Quelles lois régissaient la sorcellerie ? Quel risque réel qu'elle recommence, devant tout le monde, cette fois ? Qu'est-ce qui avait bien pu déclencher tout ça ? La proximité de l'Agent du Diable ? La proximité d'un combat ? La perspective de la mort ? Et puis, qu'avait-elle tenté de faire, exactement ? Aurait-elle tué l'Agent du Diable ? L'aurait-elle transformé en torche vivante ? Était-ce du latin qui avait franchi ses lèvres ? Est-ce que ce simulacre d'enchantement avait fonctionné ? Avait-il eu un impact réel dans la capture de l'Agent du Diable ? Était-il possible de remonter jusqu'à elle ? Viviane lui manquait cruellement. Elle aurait su quoi faire, elle ! Cassandra tenta de calmer sa respiration. Tout ça n'était plus de son âge. Elle aspirait seulement à voir Narcissa grandir, à discuter avec Viviane, à construire le monde avec le père Ethan, à rêver avec Sarah Geisler... et à penser à Amaël, à ses heures perdues. Et pourtant... ce n'était pas encore pour maintenant. Là, elle avait encore des choses à accomplir, pour tenir sa parole, et pour le futur de sa fille.
Cherchant du regard la présence de Sarah Geisler, qu'elle ne repéra pas, Cassandra s'apprêtait à descendre de cheval quand le Loup de la Reine fit une annonce. Sur laquelle la Veuve eut beaucoup de mal à se concentrer, trop occupée à lutter contre ses propres peurs. Seuls quelques mots, comme
ordre royal, lui parvinrent. Faisant un suprême effort pour ne pas tourner bride directement et se concentrer sur ce qui venait d'être dit, Cassandra regretta de ne pas avoir tout écouté, parce que la situation lui parut absurde. L'Inquisition ne relevait guère des décrets royaux et n'avait pas de comptes à rendre à un autre que le Pape, mais elle avait dû manquer la partie sur Rome.

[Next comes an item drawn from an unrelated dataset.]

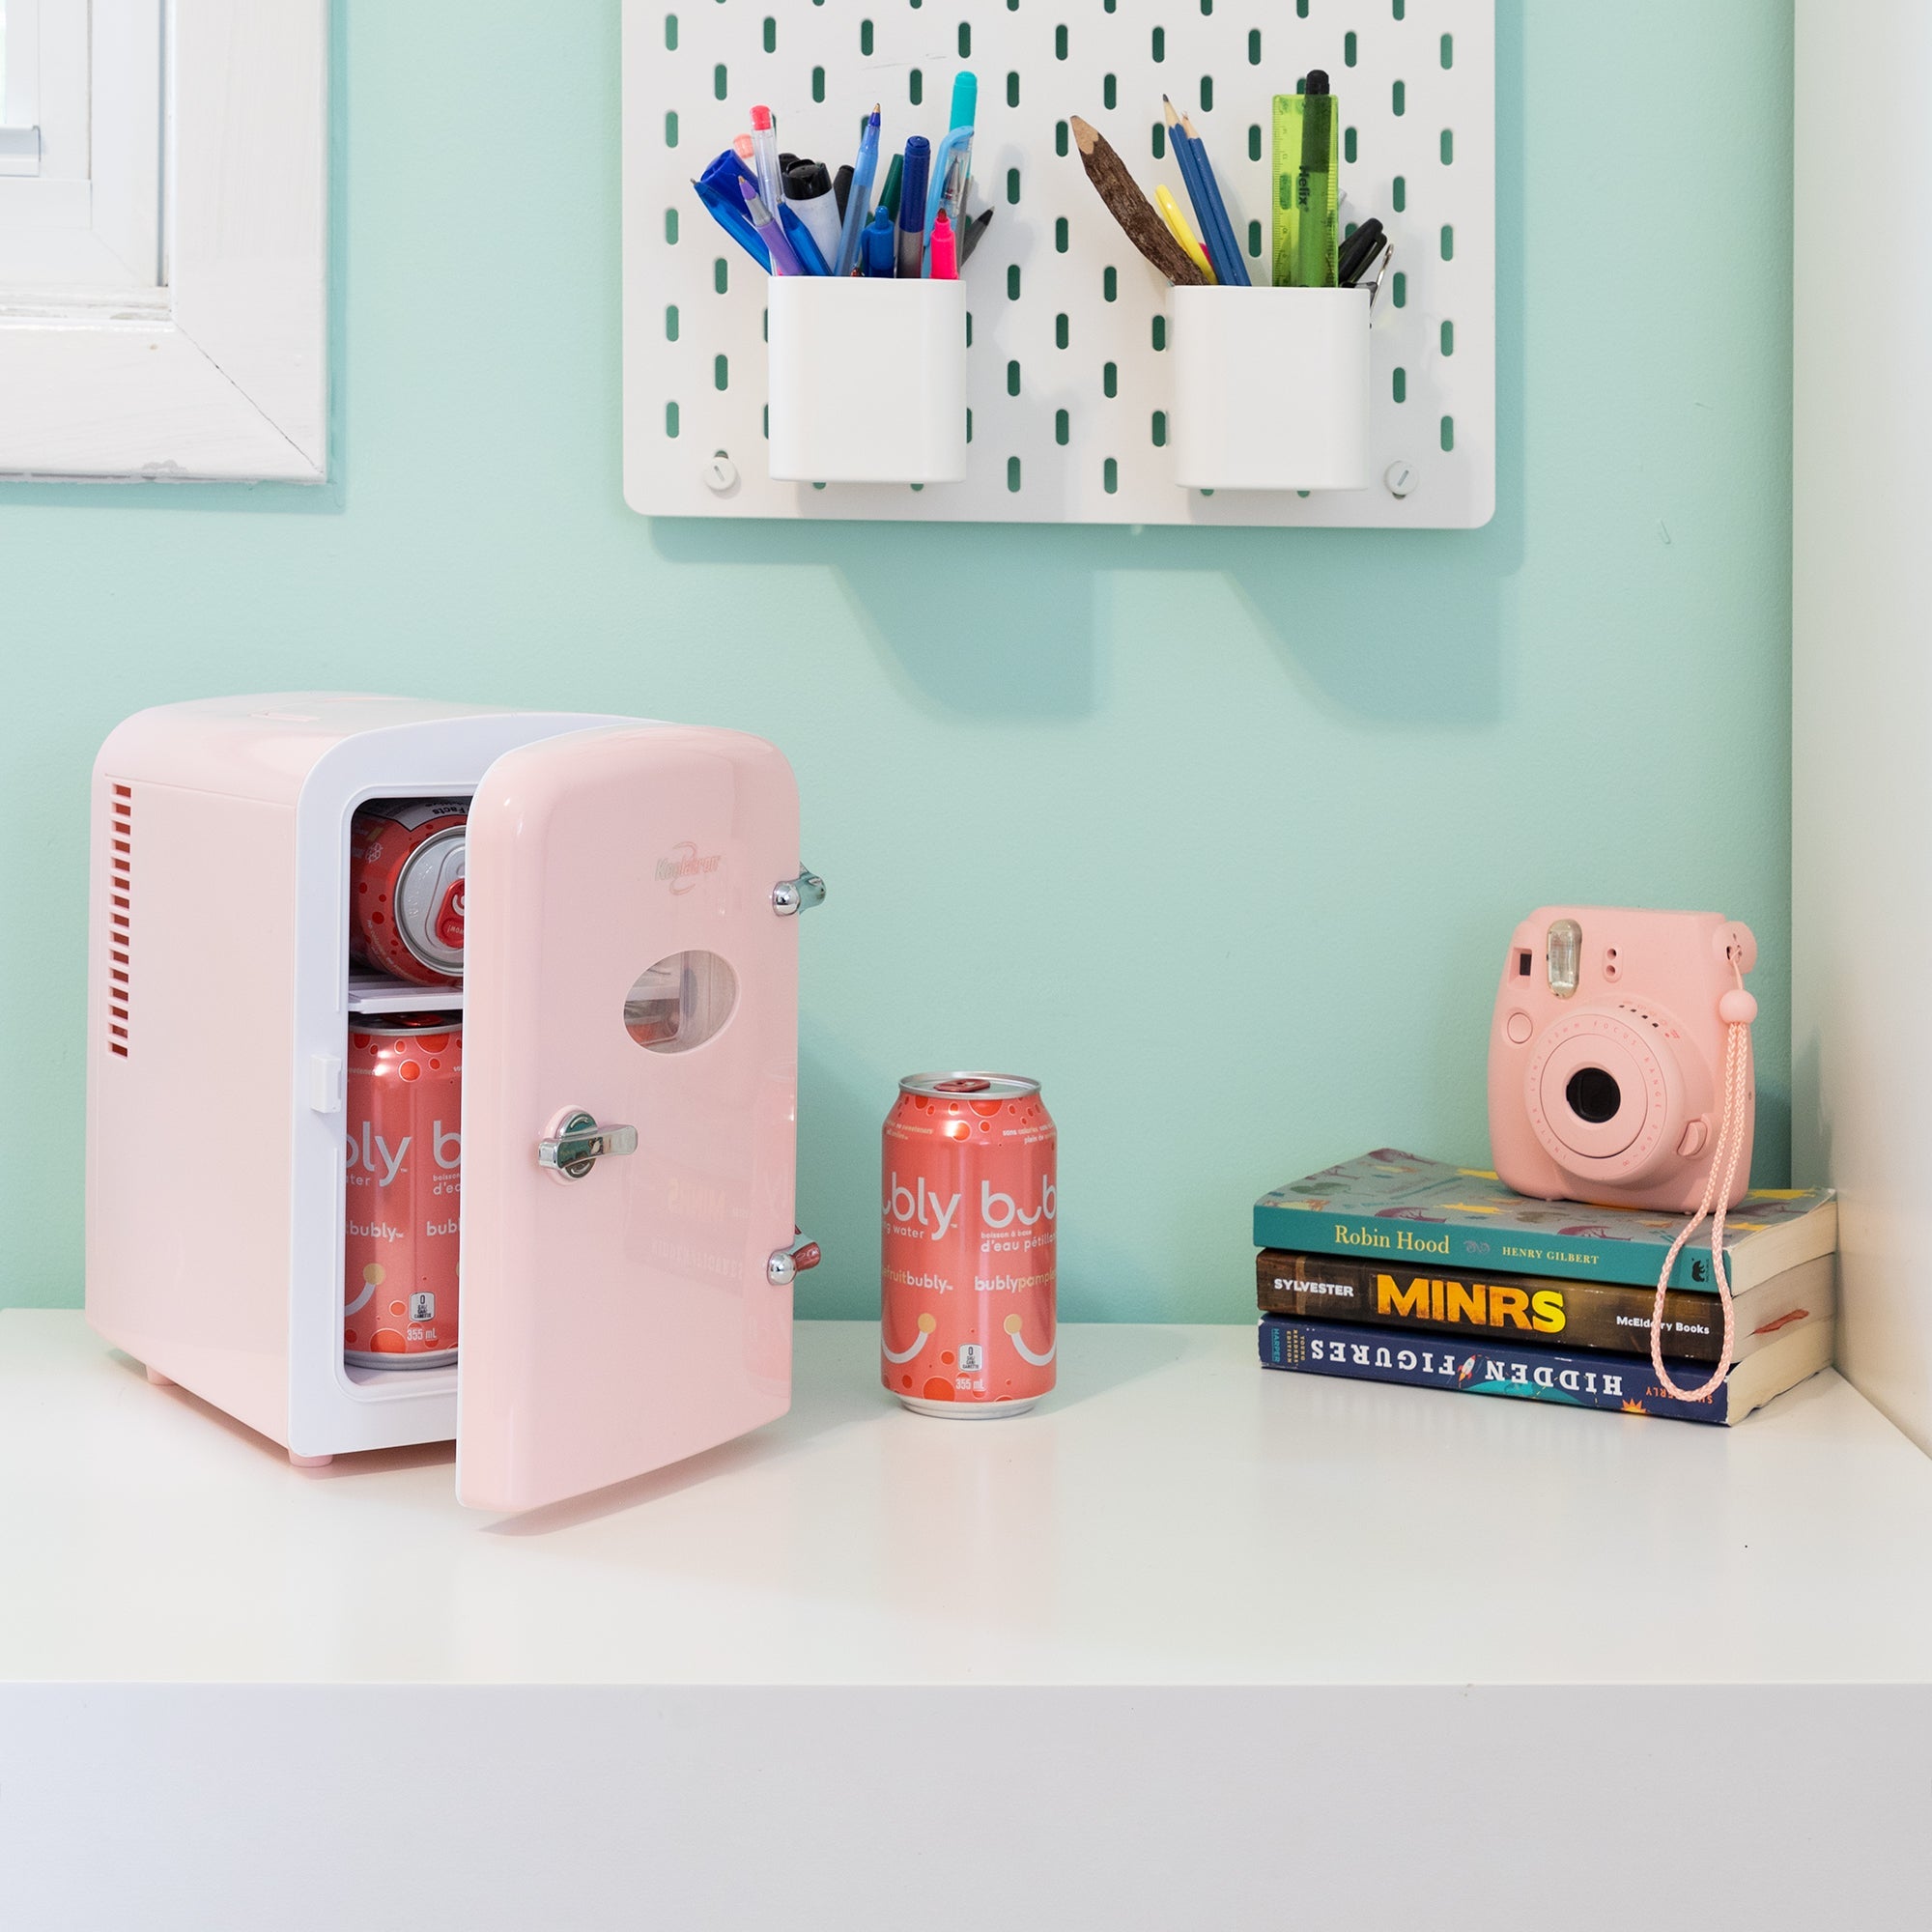 Lifestyle image of Koolatron retro 6 can mini fridge, partly open with cans inside, on a white desktop with an aqua wall behind. There is a can of soda, a stack of books, and a pink camera to the right of the fridge and two cups of pens and pencils attached to the wall above

Si le Second n'était pas là, c'était forcément qu'il cautionnait ce qui arrivait, elle n'avait donc pas à s'inquiéter. Sans doute voulait-il s'allier l'esprit de déduction réputé brillant de l'enquêteur. C'était vrai, peut-être leur serait-il utile, après tout... Qu'il assiste donc à leurs interrogatoires, ça ferait sans doute progresser leurs plans. D'un air absent, elle répondit :
- Bien, occupez-vous de tout cela.Et tout cela lui convenait à merveille, à vrai dire. Elle était libérée de toutes ses obligations, et elle pouvait se retirer. La Veuve quitta le parvis sans plus attendre, saluant à peine David, à qui elle devait pourtant beaucoup, ce soir. Tout en lançant sa monture au trot, ressentant dans chacun de ses os la douleur de son corps trop vieux, Cassandra répéta en une longue litanie tous les noms des saints qu'elle connaissait. La prière était le seul refuge qu'elle pouvait trouver. En attendant d'atteindre la maison de Viviane, pour être certaine de ne pas refaire de magie, elle ne pouvait faire que ça.
Jamais les rues de Forbach ne lui avaient semblé si longues. Elle avait l'impression que le canasson qu'elle avait emprunté à ce jeune Inquisiteur blond n'était qu'un vulgaire cheval de trait, incapable de comprendre l'urgence de la situation. La Veuve en avait à peine conscience, mais tout était mieux que de penser à ce qu'elle pouvait faire, ou qu'elle risquait de faire. Viviane... pourvu que sa sœur soit chez elle, et non à sa boutique ! Au tournant décisif, Cassandra décida de d'abord tenter sa chance à la maison Valdemar. Elle ne pouvait faire irruption en plein milieu du commerce familial, pas dans cet état. Parce qu'elle le savait, elle craquerait dès qu'elle verrait Viviane.
Se retrouver devant son ancienne demeure apaisa une première fois la Veuve. C'était chez les siens qu'elle retrouverait sa sérénité.